StudySmarter Expert Advice🤫
We think this is how you could land Clinical Program Lead in London
✨Tip Number 1
Network like a pro! Reach out to your connections in the clinical field, attend industry events, and engage on platforms like LinkedIn. You never know who might have the inside scoop on job openings or can put in a good word for you.
✨Tip Number 2
Prepare for interviews by researching the company and its recent projects. Be ready to discuss how your experience aligns with their goals, especially in EU clinical trials. Show them you’re not just another candidate, but someone who truly understands their mission.
✨Tip Number 3
Practice your pitch! You want to be able to clearly articulate your experience and how it relates to the Clinical Program Lead role. Keep it concise and impactful – think of it as your personal brand statement.
✨Tip Number 4
Don’t forget to apply through our website! It’s the best way to ensure your application gets seen. Plus, we love seeing candidates who take that extra step to connect directly with us.
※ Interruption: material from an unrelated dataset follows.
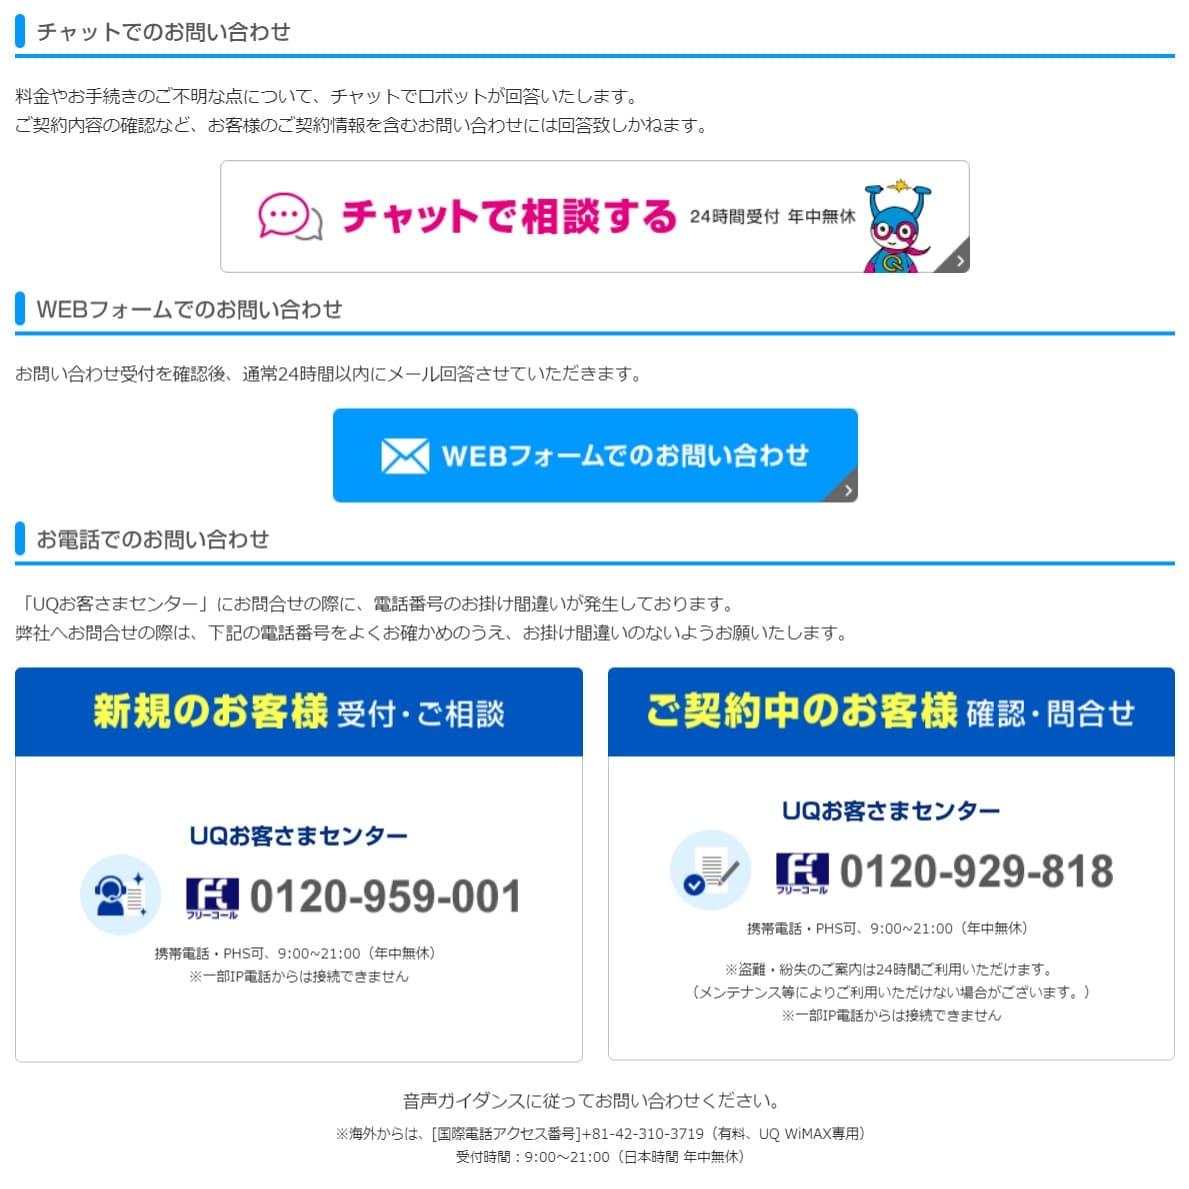 UQお問い合わせ画面

We think you need these skills to ace Clinical Program Lead in London
Some tips for your application 🫡
Tailor Your CV:Make sure your CV is tailored to the Clinical Program Lead role. Highlight your experience with EU clinical trials and any leadership roles you've held. We want to see how your background aligns with our needs!
Craft a Compelling Cover Letter:Your cover letter is your chance to shine! Use it to explain why you're passionate about clinical program management and how you can contribute to our mission. Keep it engaging and relevant to the job description.
Showcase Your Achievements:When detailing your experience, focus on specific achievements rather than just duties. Use metrics where possible to demonstrate your impact in previous roles. We love seeing how you've made a difference!
Apply Through Our Website:We encourage you to apply directly through our website for the best chance of getting noticed. It’s the easiest way for us to keep track of your application and ensure it reaches the right people!
How to prepare for a job interview at EPM Scientific
✨Know Your Clinical Trials Inside Out
Make sure you brush up on your knowledge of EU clinical trial regulations and ICH-GCP. Be ready to discuss your previous experiences managing clinical trials, focusing on specific challenges you faced and how you overcame them.
✨Showcase Your Leadership Skills
As a Clinical Program Lead, you'll need to demonstrate strong leadership capabilities. Prepare examples of how you've led teams, mentored colleagues, and managed cross-functional projects. Highlight your ability to drive alignment and foster collaboration.
✨Be Ready for Scenario Questions
Expect scenario-based questions that assess your problem-solving skills. Think about potential risks in clinical programs and how you would mitigate them. Practising these scenarios can help you articulate your thought process clearly during the interview.
✨Communicate Your Vision for Innovation
The role involves contributing to clinical process improvement and trial modernisation. Be prepared to share your ideas on how to enhance operational efficiency and integrate digital solutions into clinical programs. This shows you're forward-thinking and aligned with the company's goals.